Un’azienda del settore media operante su più canali (carta,

voce e internet), dopo anni di crescita e di leadership nel

proprio settore, si trovava in un momento di rallentamento

del business, ormai maturo, e di contrazione delle quote di

mercato ad opera di nuovi player internazionali.

In questo scenario diventava vitale trovare nuove soluzioni

per presidiare le quote di mercato e stimolare l’espansione

del business. Di qui la richiesta a Mida di un supporto in

questo processo di cambiamento e innovazione.

Fin da subito sembrò evidente che il primo passo era capire

bene la situazione di mercato per poi costruire una nuova

vision, ideare la strategia di crescita e quindi implementarla.

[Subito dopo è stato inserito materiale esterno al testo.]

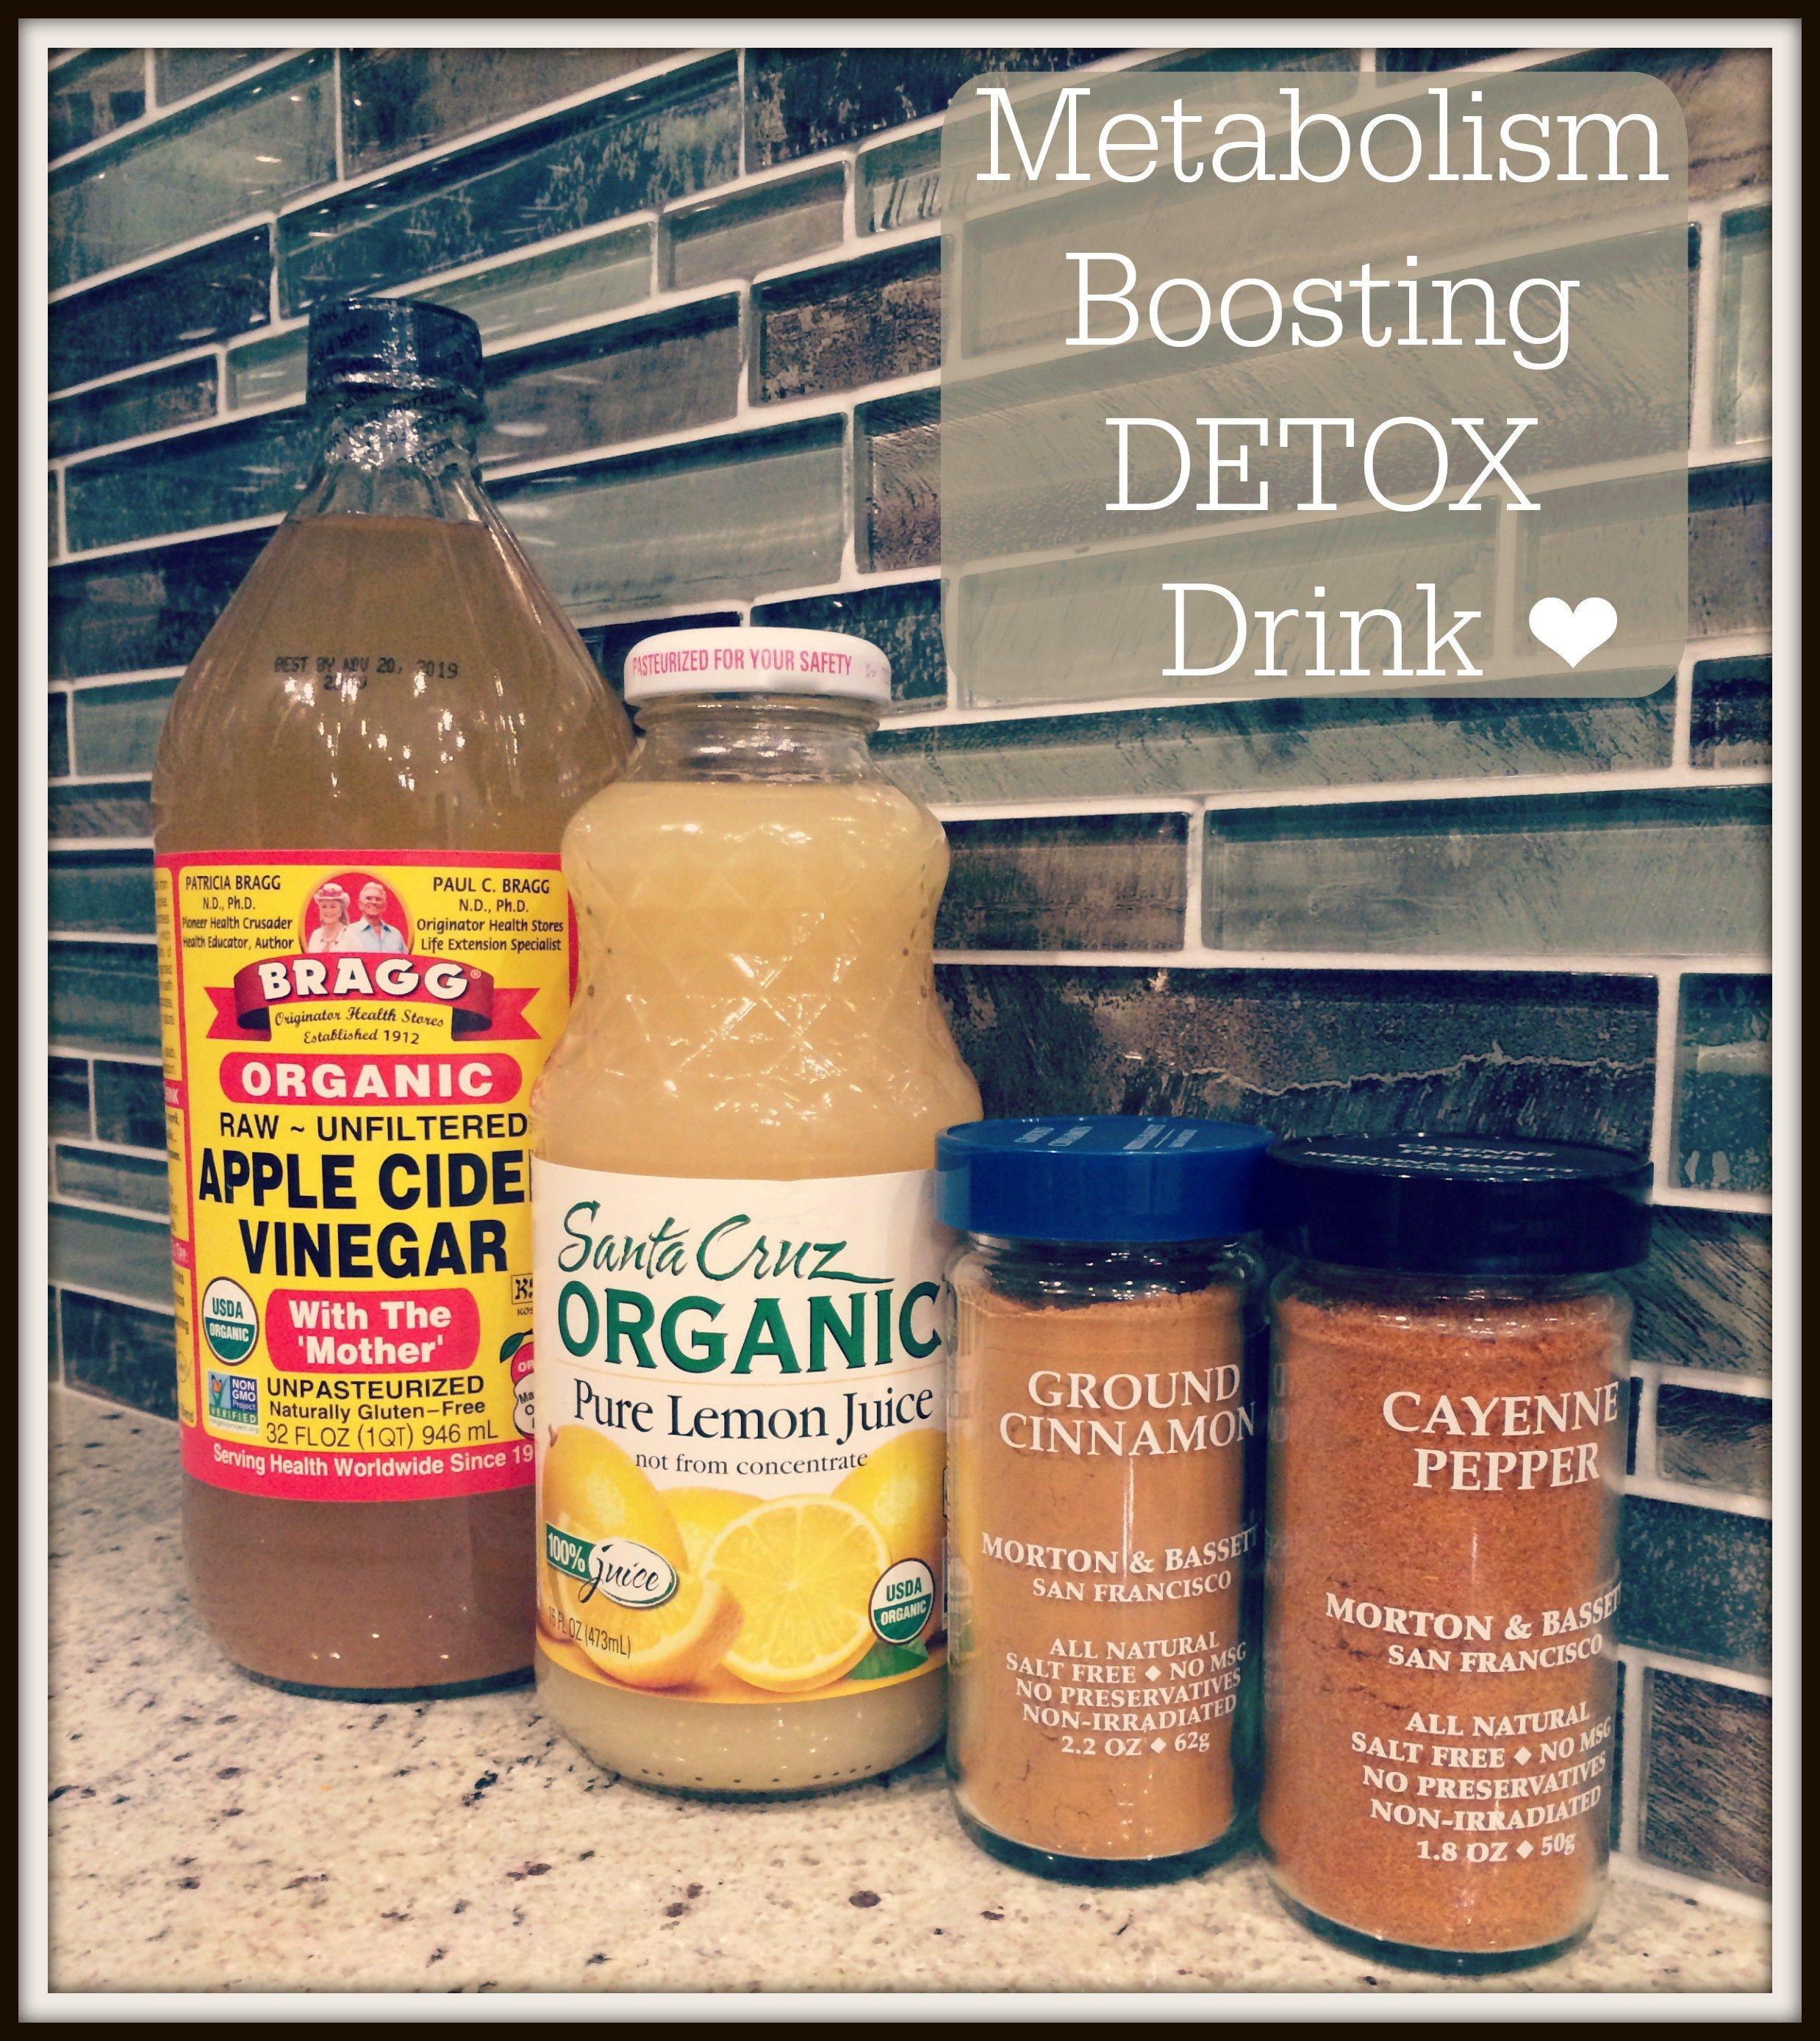 Metabolism Boosting Detox Drink Obsessed By Portia Recipe Healthy Detox Cleanse Detox Drinks Detox Drinks Recipes

Con il Board decidemmo di non procedere con un approccio

top-down, ma di attivare un processo di co-design creando

un management team formato dalla Direzione Generale, dai

manager delle Business Units e dai manager delle varie

funzioni di staff, per un totale di 12 persone.

L’obiettivo era quello di garantire una maggiore attivazione

dei manager nel processo, una riduzione delle resistenze al

cambiamento e una forte valorizzazione di idee e

competenze già presenti in azienda. Da qui il ricorso al co-

design proprio per realizzare un cambiamento evolutivo e

non traumatico, fonte di engagement per le persone e

guidato da una leadership coerente ed empowerizzante.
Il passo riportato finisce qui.